= Tab show =

A tab show was a short, or tabloid version, of various popular musical comedies performed in the United States in the early 20th century.

==History==
The shows were about an hour in length but could be as short as 25 minutes, either way being well suited for traveling or road shows. They had lower costs and fewer logistical complications than major productions. To achieve this, producers typically eliminated much of the dialogue, plot and chorus of the parent, often Broadway production, reduced the scenery to a few flats and platforms that could be easily transported by rail or roadway, and retained only the hit numbers and the principal characters including the love interests and the chief comic. With this shortened format, tab shows did not usually serve as an entertainment form in themselves but were adjuncts for at least three other forms of major entertainment. First, they could be the featured act of the second half of a vaudeville bill. The substitution of these shows for a portion of vaudeville acts in the early 1900s was described as "far-reaching in its scope" in a Billboard article of 23 December 1911.

Second, they were often performed in conjunction with silent films for a half hour performance either before the film came on, or as a vaudeville act between films. Show Boat was one Broadway hit that was reduced to a truncated tab show running in movie theaters in the early 1930s.

Third, tab shows were closely related to the early, non-stripper versions of burlesque.
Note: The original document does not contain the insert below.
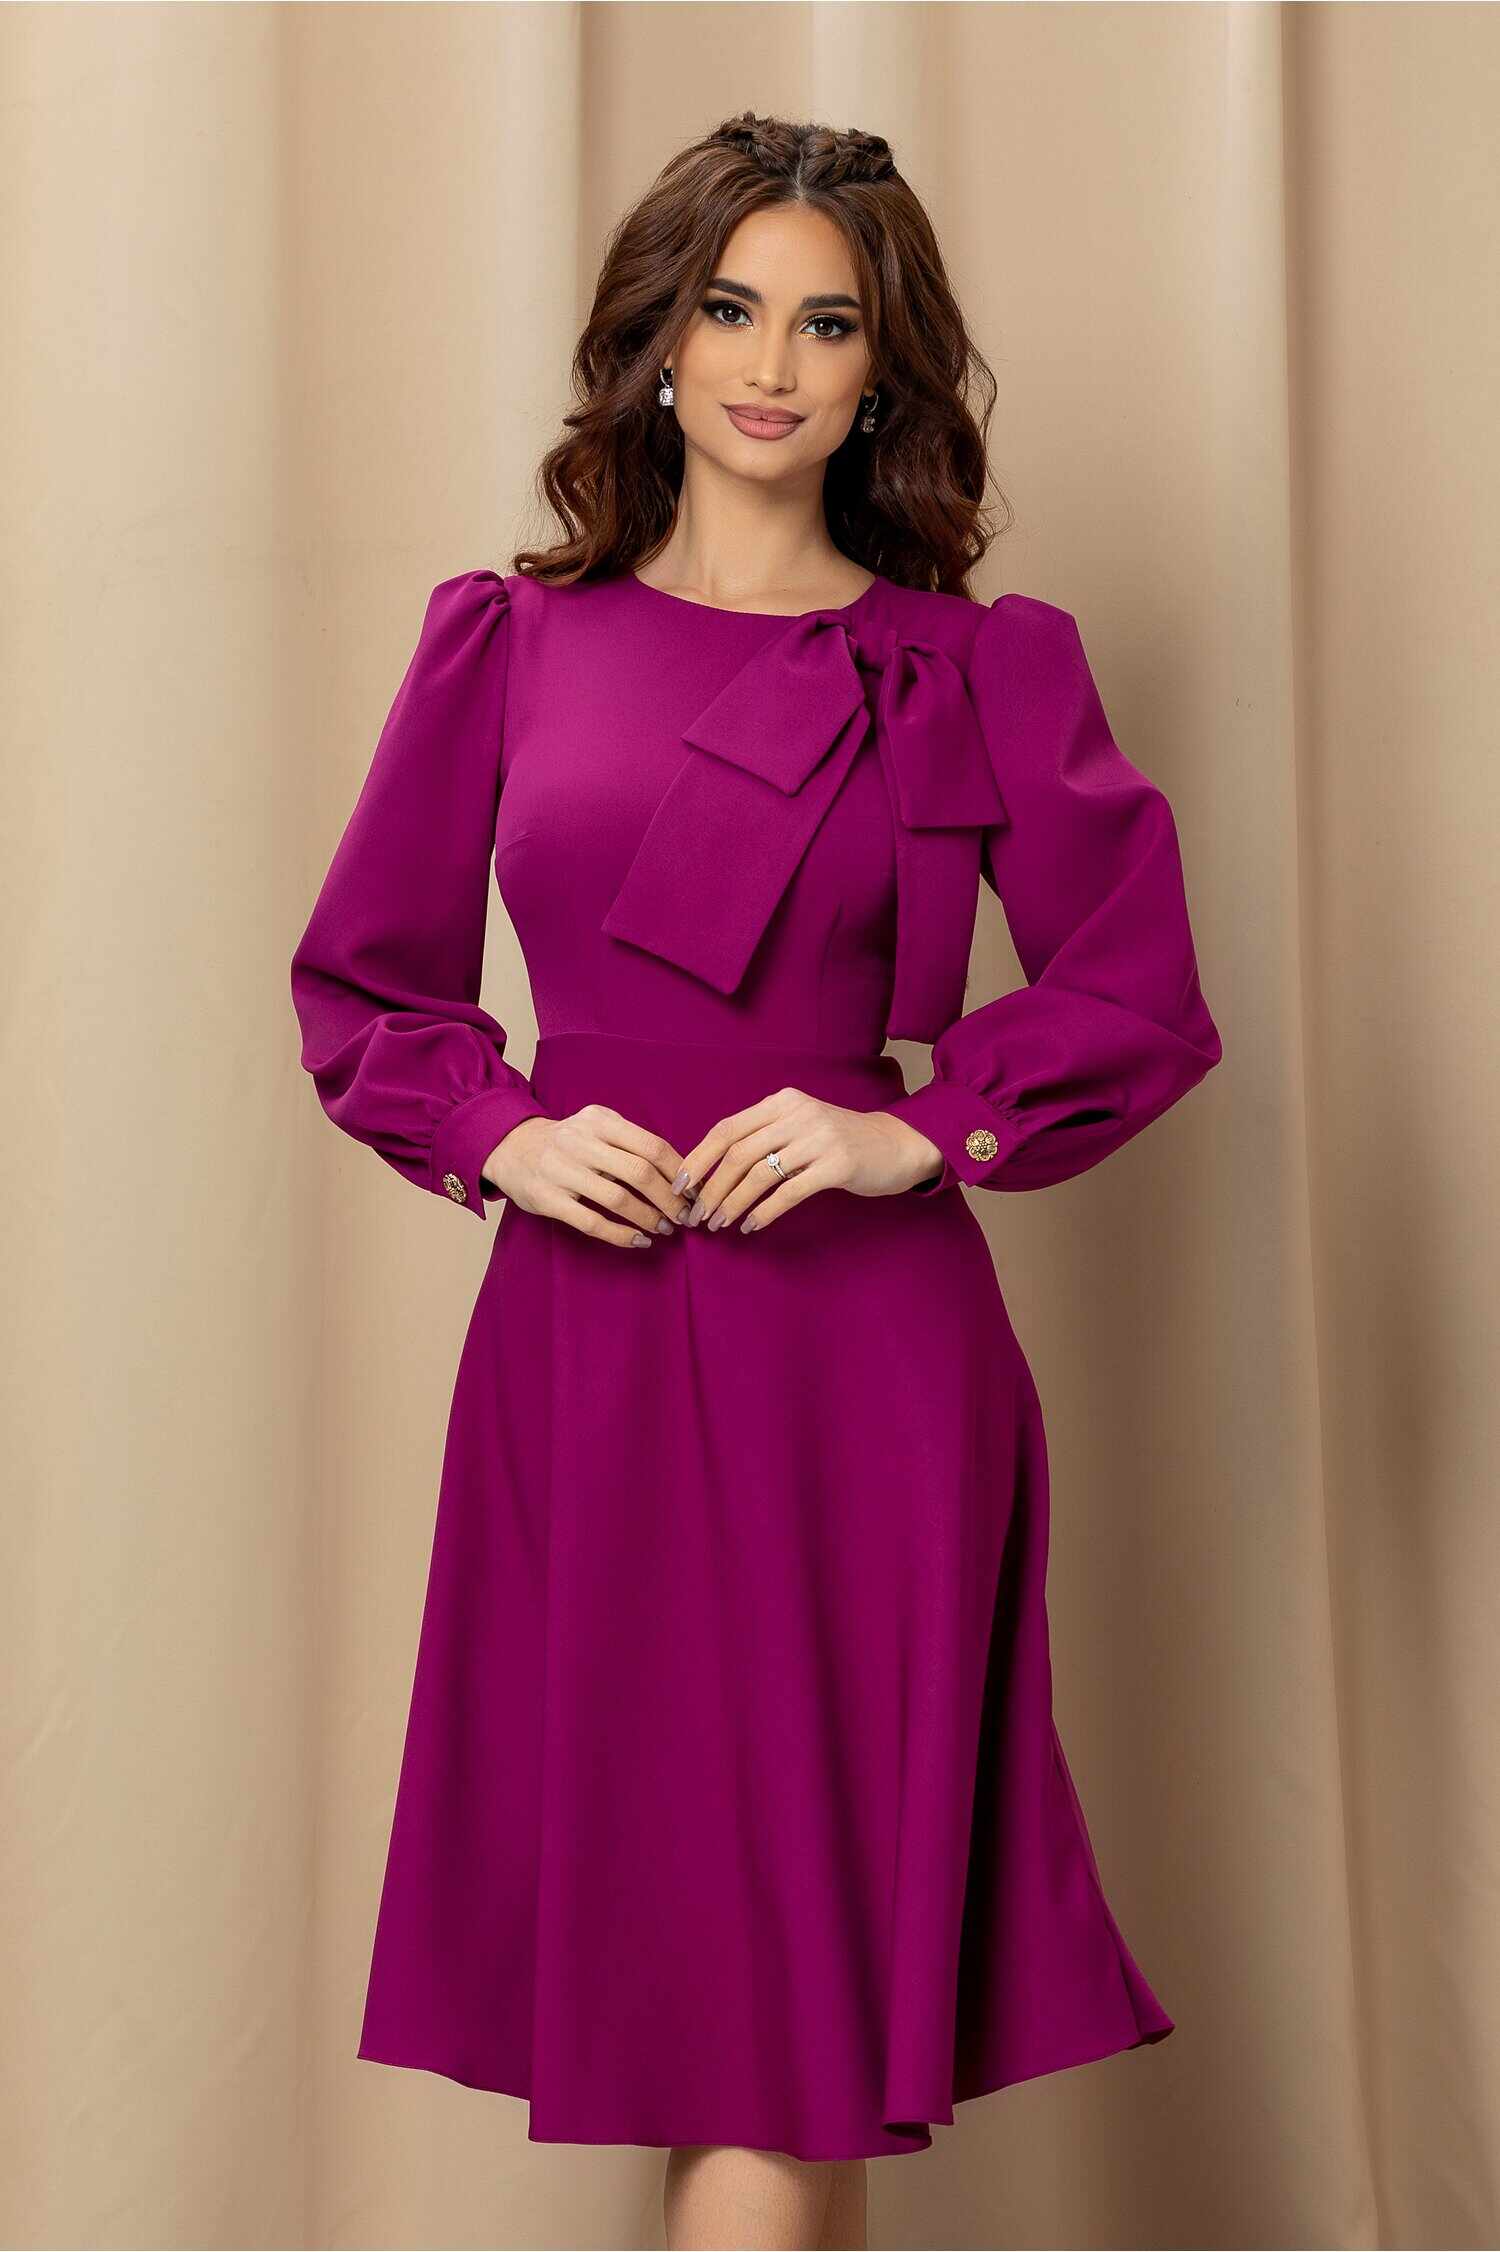 Rochie Dy Fashion violet cu fundita la bust
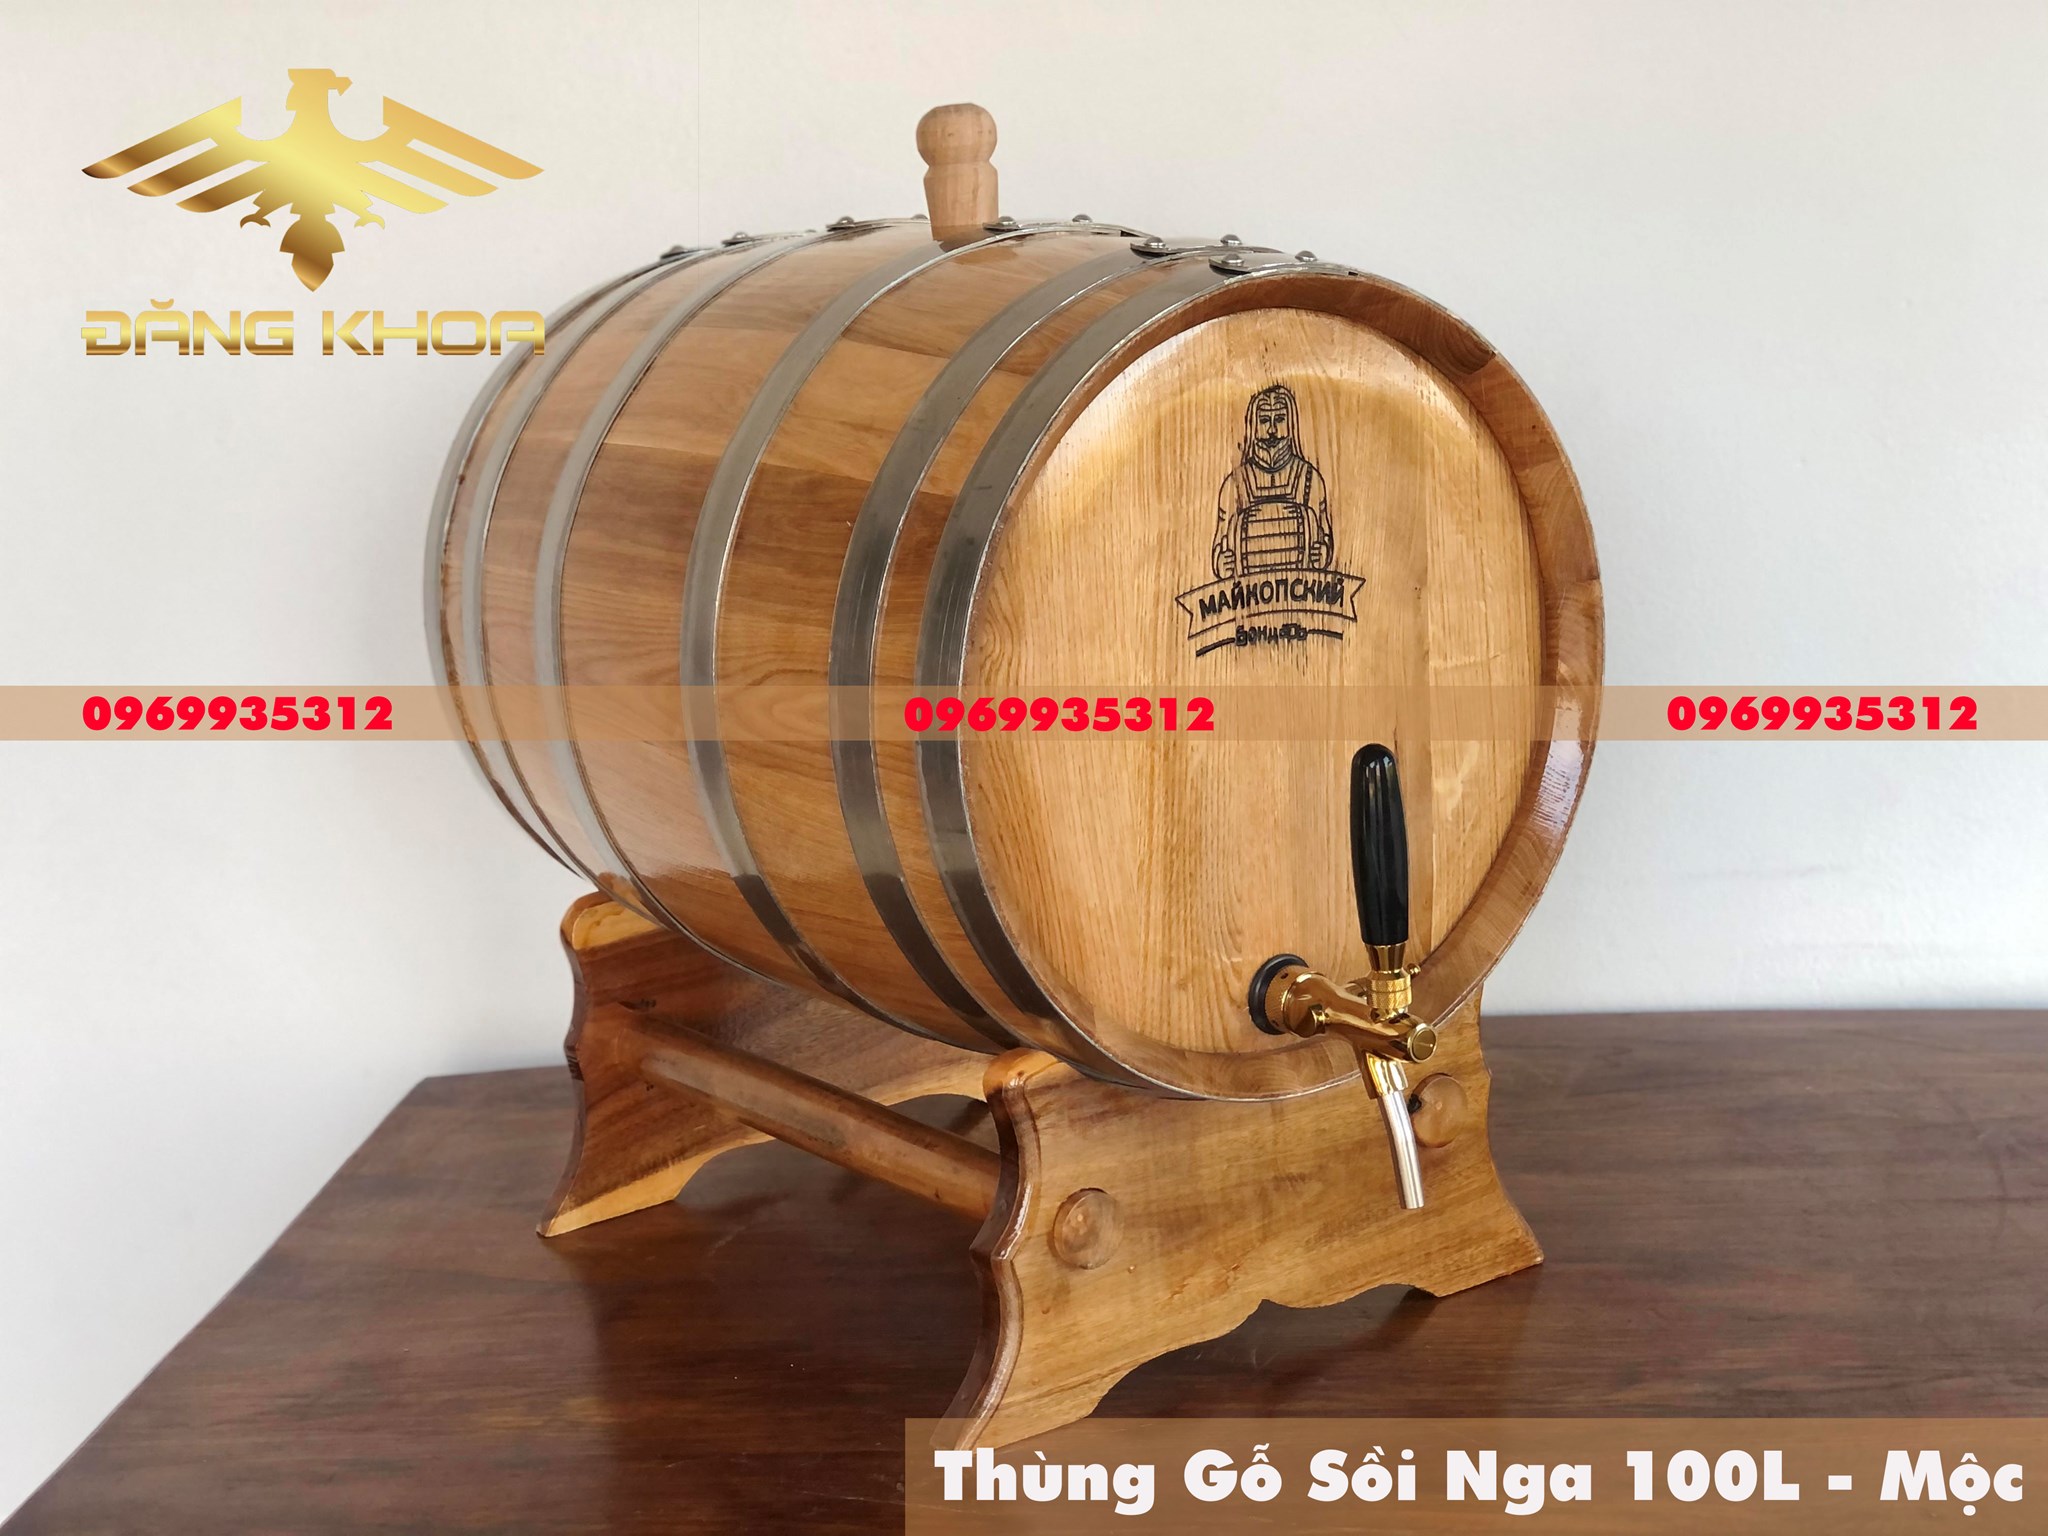 Bình gỗ sồi ngâm rượu: phương pháp bảo quản rượu hàng đầu

The girls were 'clean' and did not have bare legs. By the 1920s, "tab show" was sometimes used to avoid the negative, low-brow connotations of "burlesque".

There are two suggestions for the origin of the word "tab". It is often said to be derived from "tabloid", as in the short form of a newspaper. Alternatively, it could refer to "tableau" as in the tab style of curtain across the front of a stage, since the curtain and a few pieces of furniture might be the only scenery used by a tab show.

As variations on these themes, tab shows occasionally were up to two hours in length and with their lower costs and fewer logistic demands, were a popular alternative to vaudeville acts in the 1910s. Also, while the term "tab show" may have been restricted to the United States, the theme of the vicissitudes of traveling third-rate vaudevillians was presented in 1950 in Federico Fellini's Italian film Variety Lights. It has been described as "wholesome corn".